# REQUIRED WORK
Beneath this line sits some data. Return only its lines from the one holding "Maple Caramel Bacon" through the one holding "和楽器・和風・サムライロック:フルx2の未再生の波形", inclusive, exactly, with the images removed.

# DATA SHOWN
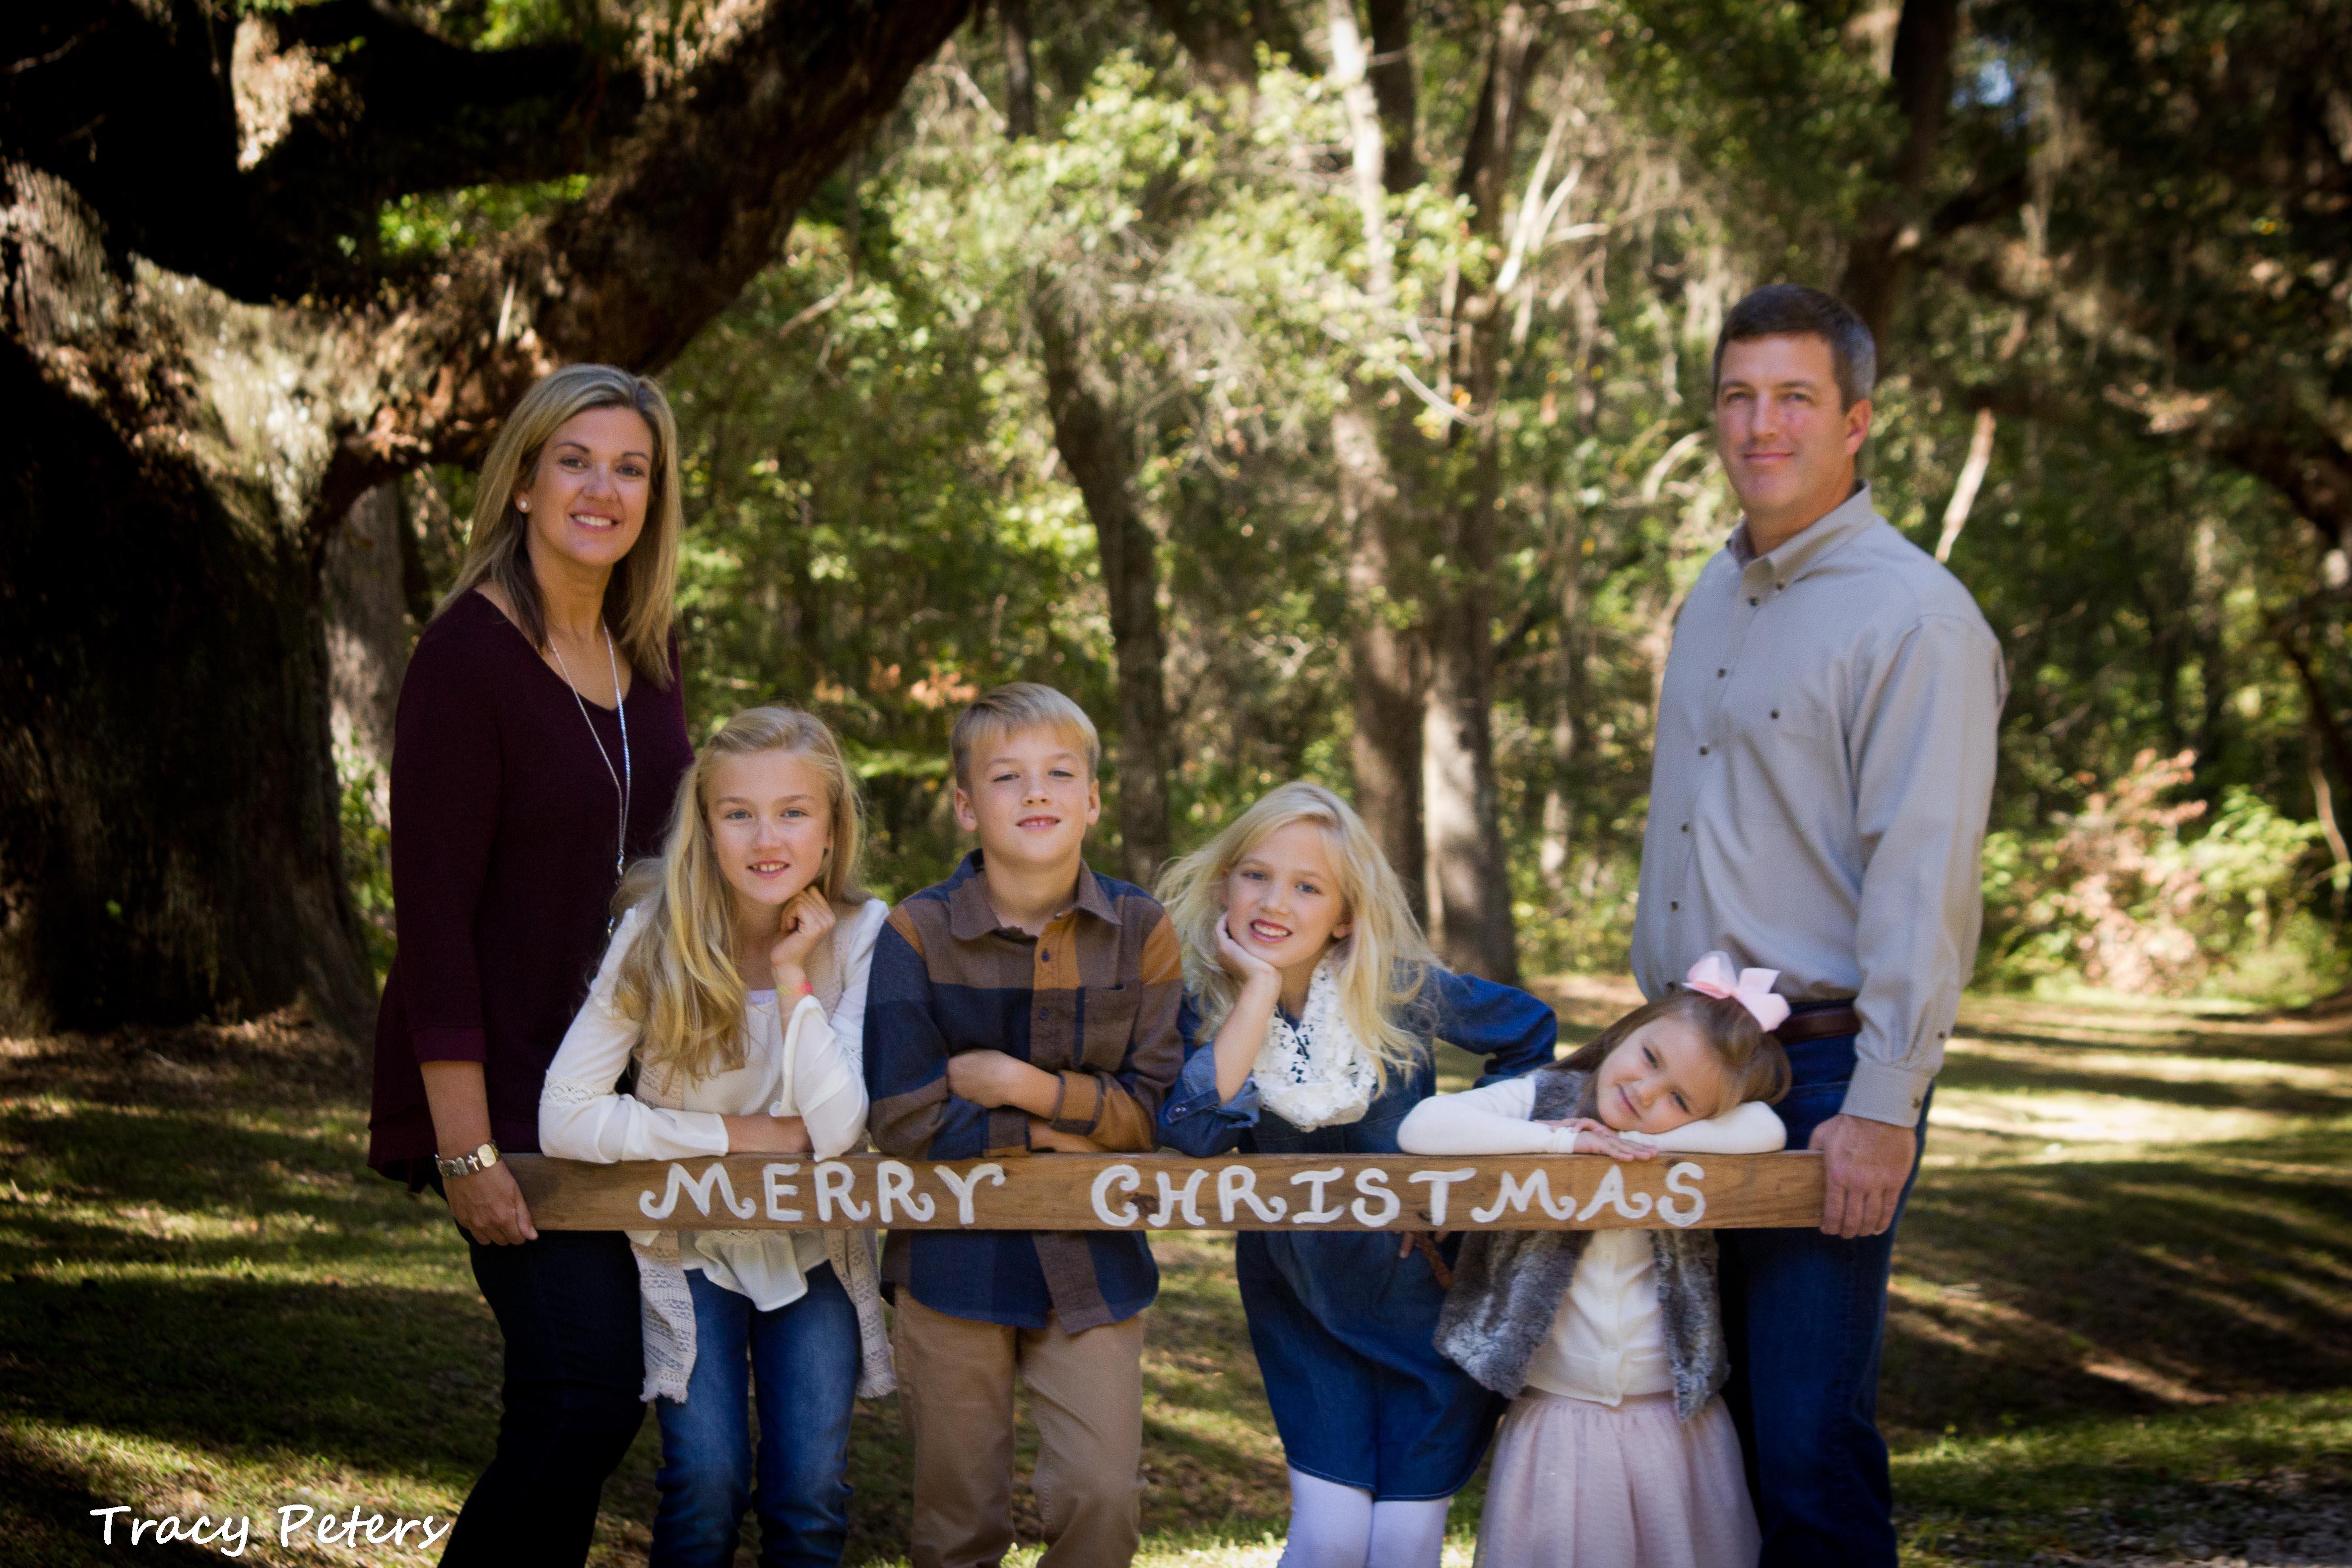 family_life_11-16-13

==

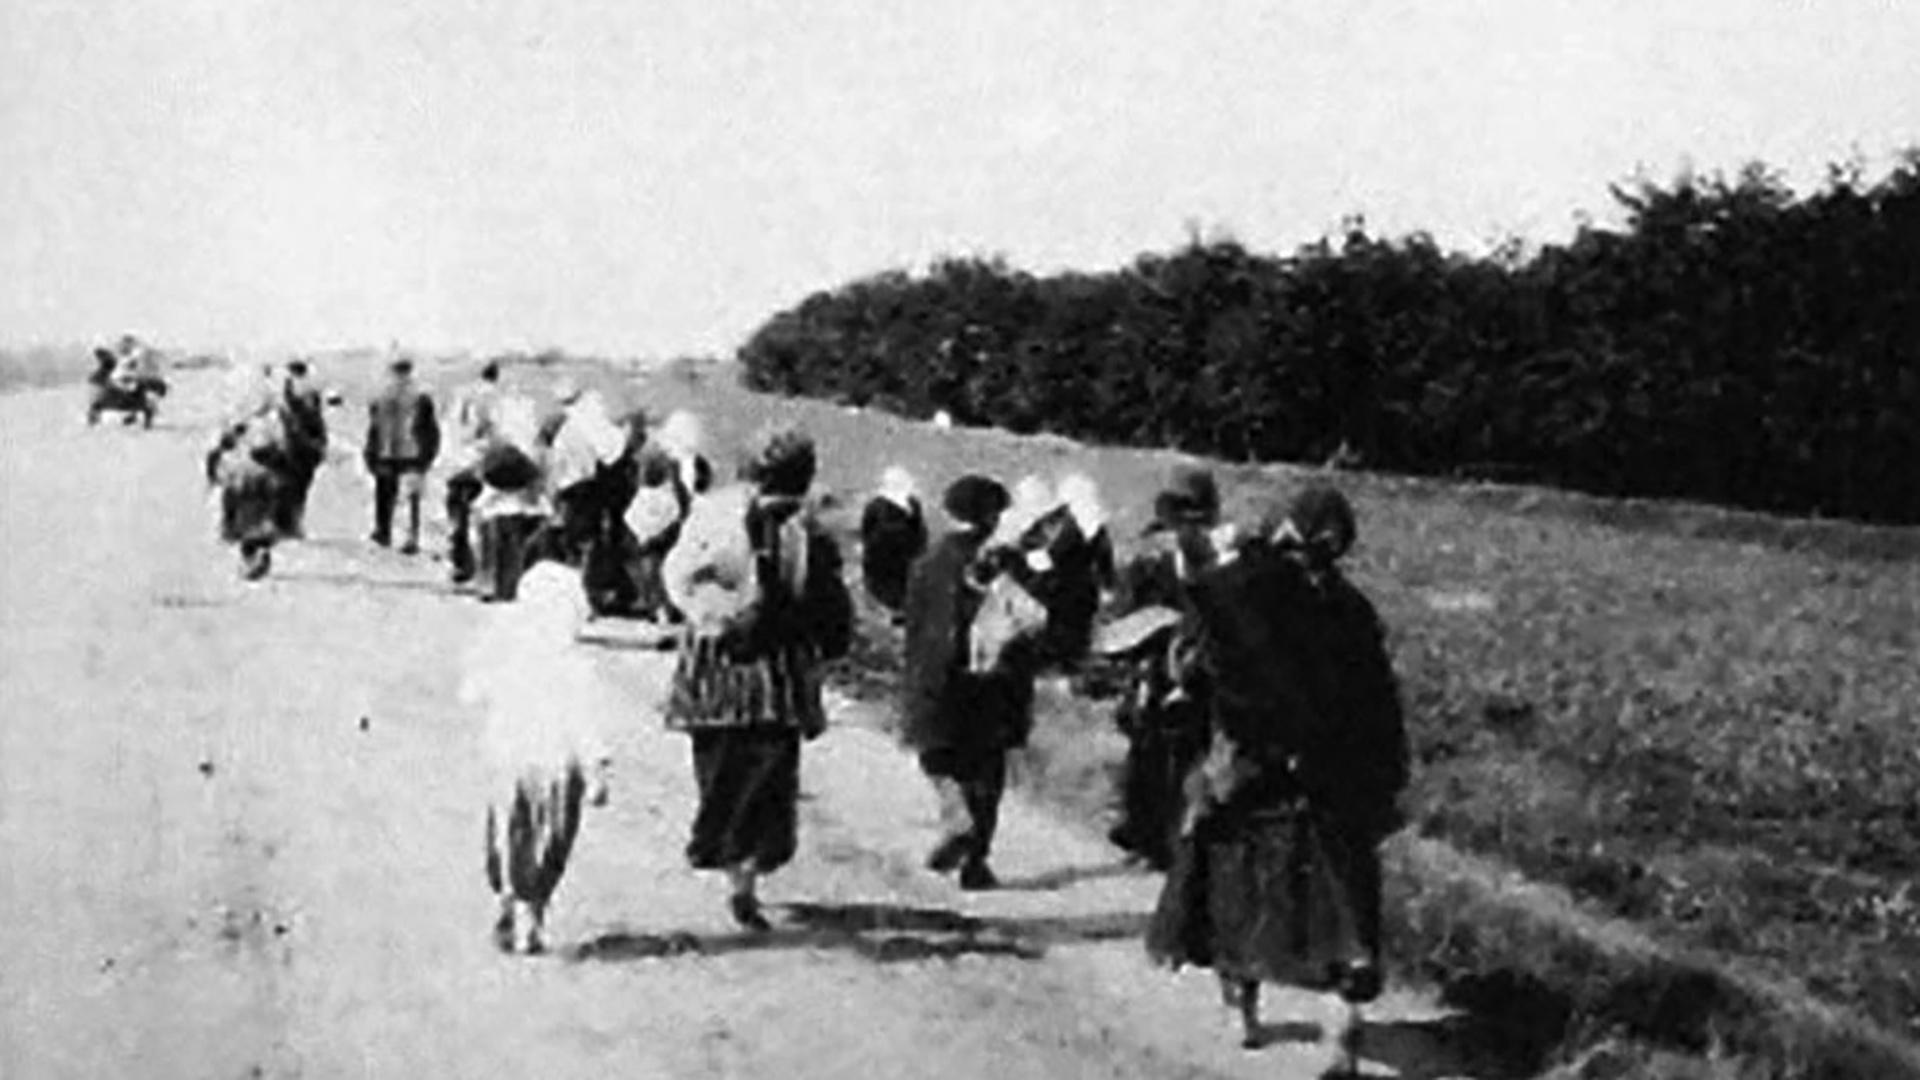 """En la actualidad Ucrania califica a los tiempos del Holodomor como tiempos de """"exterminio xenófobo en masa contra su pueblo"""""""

==

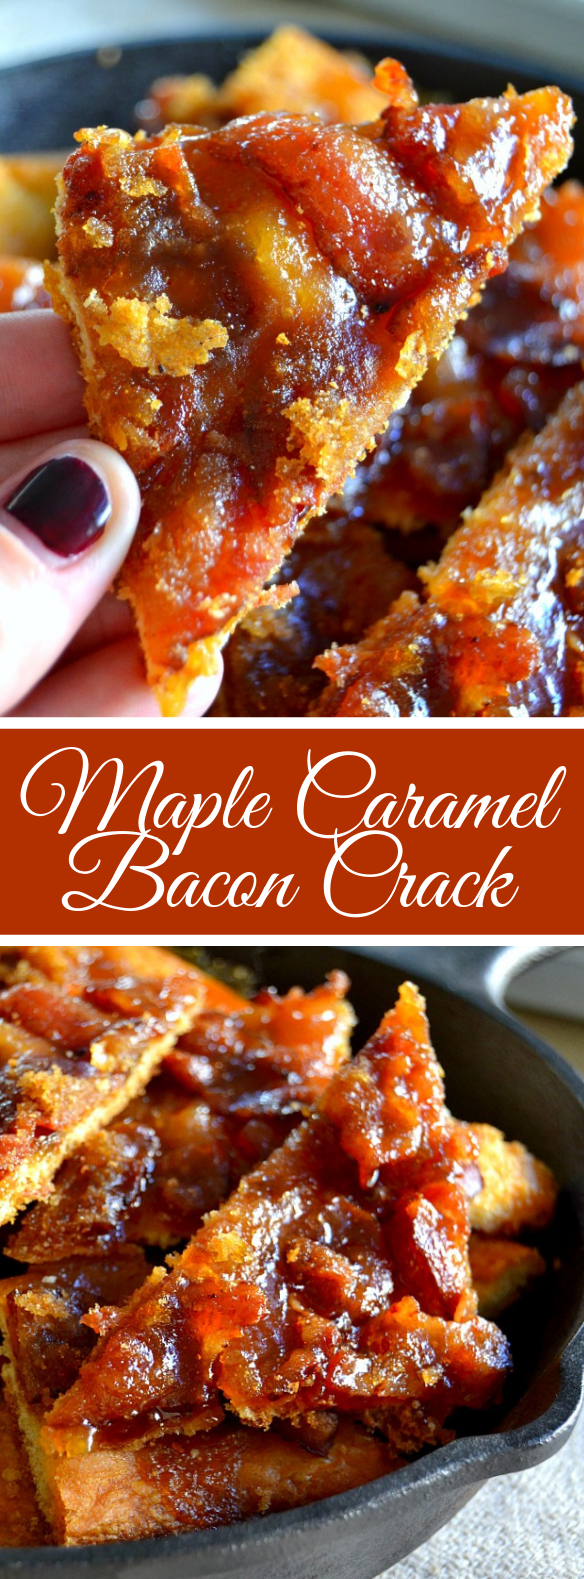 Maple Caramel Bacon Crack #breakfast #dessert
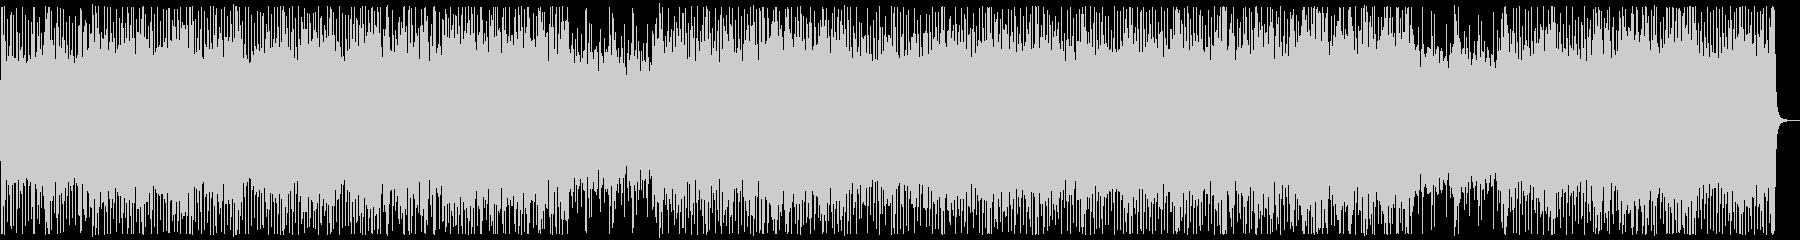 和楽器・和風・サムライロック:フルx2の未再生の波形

# SOLUTION TO THIS EXERCISE
 Maple Caramel Bacon Crack #breakfast #dessert
 和楽器・和風・サムライロック:フルx2の未再生の波形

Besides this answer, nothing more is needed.